HS2: The headless chicken of UK infrastructure?

In 1945 a Colorado farmer named Lloyd Olsen went into his yard with an axe to kill one of his chickens for supper. However, he botched the execution and, whilst removing the cockerel’s head, he left the bulk of the bird’s brain stem intact.

The result was that the chicken – which subsequently became famous as Mike the Headless Chicken – was still able to walk, mount his perch, attempt to preen himself and (unsuccessfully) crow at the dawn. For eighteen months Mike (with help from Mr Olsen, who fed him using a pipette) toured county shows and rural fairs, earning $4,500 a month at the peak of his fame. Sadly, like so many celebrities, Mike met an ignominious end, choking to death in a motel in Phoenix in 1947.

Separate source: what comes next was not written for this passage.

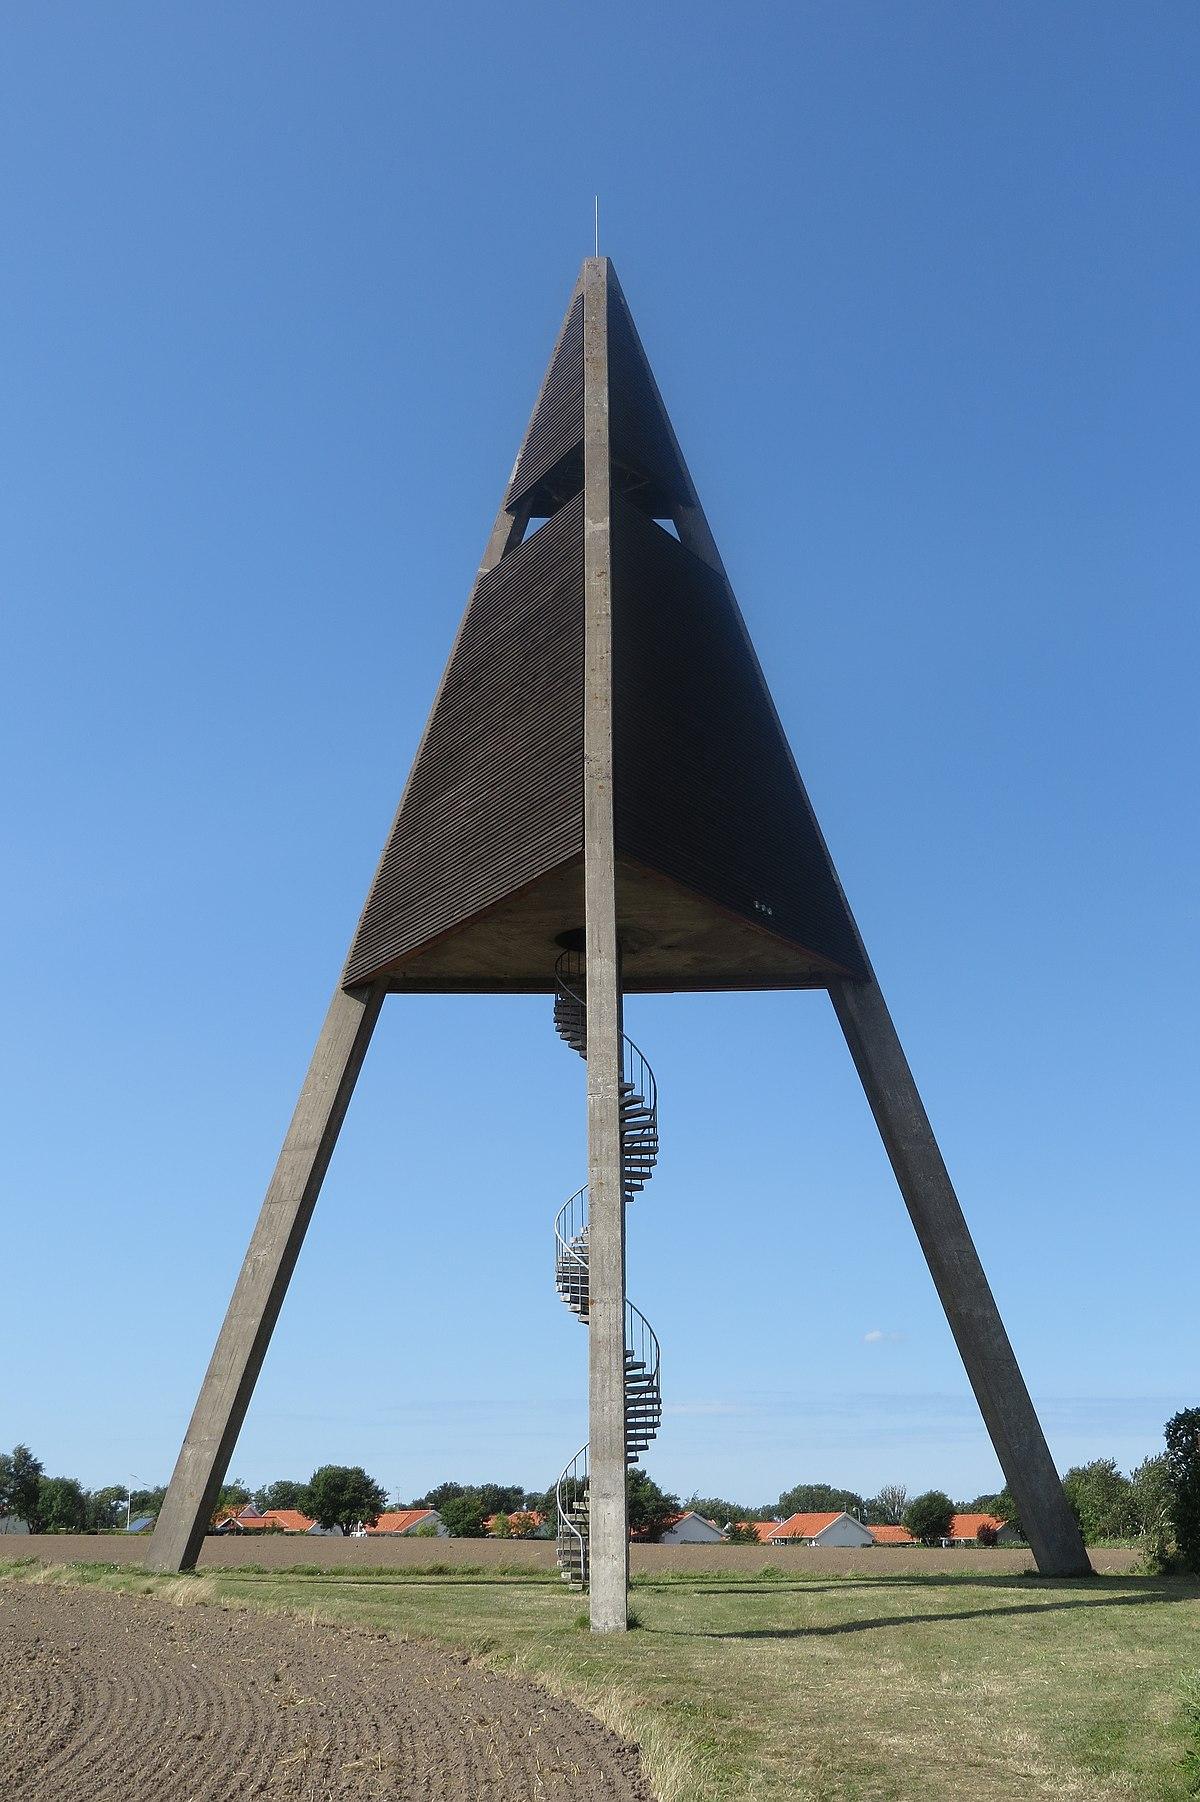 Svaneke Water Tower Wikipedia

At this point, if indeed you are still reading, you will be wondering why I have shared this bizarre and macabre story with you. My reasons are two fold – firstly, it is an amusing story that says a lot about what passed for entertainment in the USA before the advent of television and, secondly, it struck me that there were some useful parallels with the current debate over controversial rail project High Speed 2 (HS2).

HS2 currently gives every impression of being a project that has been politically decapitated. In the past week alone the Institute of Director’s has branded it “one grand folly”, the Institute of Economic Affairs has warned it could cost as much as £80 billion, former Chancellor Alistair Darling predicted that the project would rob the rest of the rail system of investment and shadow transport secretary Maria Eagle has indicated that a future Labour government would delay and redesign the scheme and, ultimately, scrap it if costs rose above £50 billion.

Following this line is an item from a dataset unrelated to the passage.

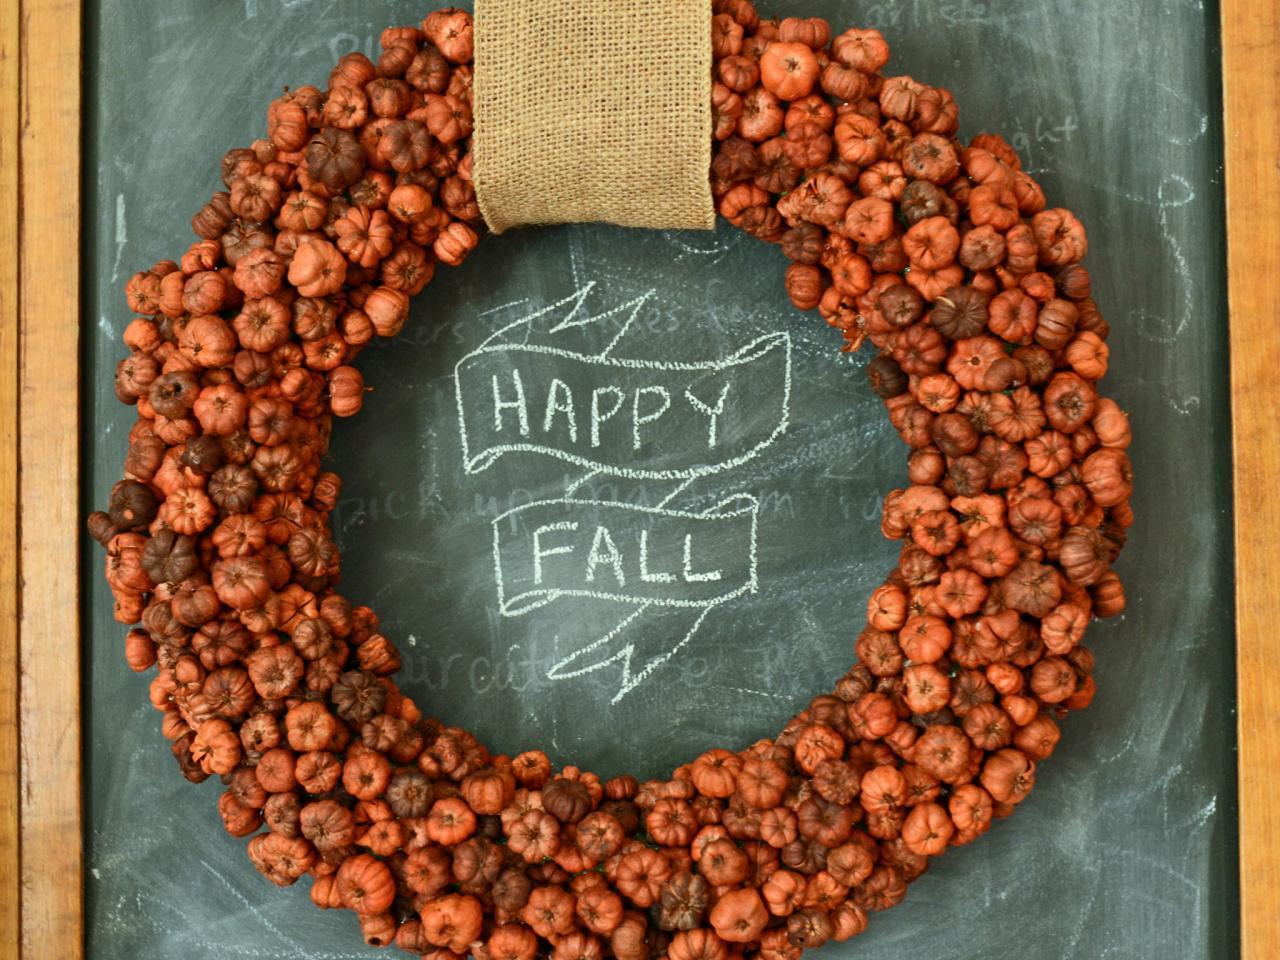 fun_activities_outdoor_fall_wreaths_front_door_78_outdoor_wreaths_for_front_door_uk__rustic_mini_pumpkin_wreath

All this is a long way from the project’s inception in 2009, when it provided a rare source of cross-party consensus in pre-coalition UK politics. It was touted as the answer to the thorny issue of Heathrow expansion, the solution to the north-south divide and the UK’s belated response to two generations of underinvestment in rail infrastructure. Support for HS2 has been unravelling for some time. Conservative support has been undermined by grassroots disquiet over the project’s impact upon the communities and landscape along its route, particularly in true-blue heartlands like the Chilterns. Many Tories are deeply concerned about the ever-rising cost of the project and allegations of outdated assumptions in the Department of Transport’s calculations regarding the economic case for the project. In austerity Britain, there is little popular appetite for grand projects. That initial murmurings of opposition have grown to a cacophony and now both the Labour party and a major business organisation – two groups that one would expect to be staunch advocates – have joined that chorus of condemnation, present the clearest signs yet that work on this massive project may never begin.

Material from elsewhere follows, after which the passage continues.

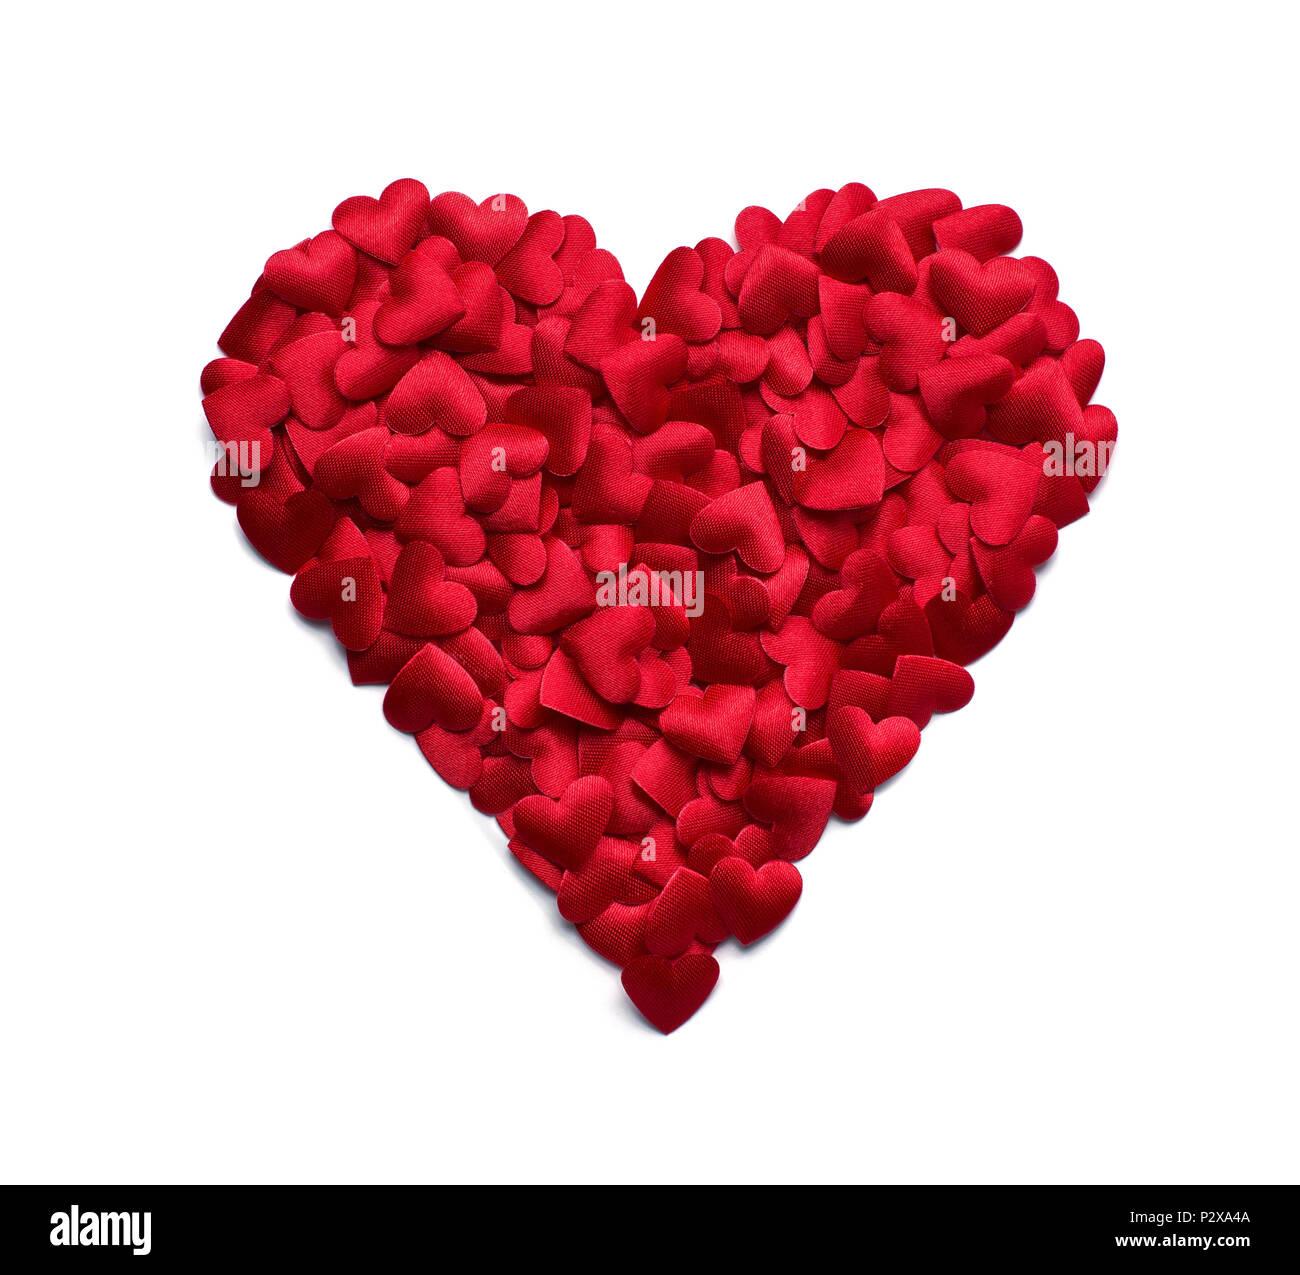 Rojo Con Forma De Corazón Hecho De Muchos Pequeños Confeti Corazones

Of course, as the boss of Crossrail warned in the Telegraph yesterday, the failure of HS2 is a bad omen for other infrastructure projects in the UK. It displays a lack of national ambition and confidence and underlines just how far Britain has fallen since its industrial, 19th century heyday. Stephenson and Brunel are no doubt turning in the graves. But, like Mike the Headless Chicken, HS2 may present the illusion of life for some months yet.  If the project is to avoid finding itself in its own metaphorical motel in Phoenix, its proponents need to go on the offensive with a credible and costed case to justify investment in constrained times. It would be a great shame if a project so ambitious in its conception was to share such an ignominious fate.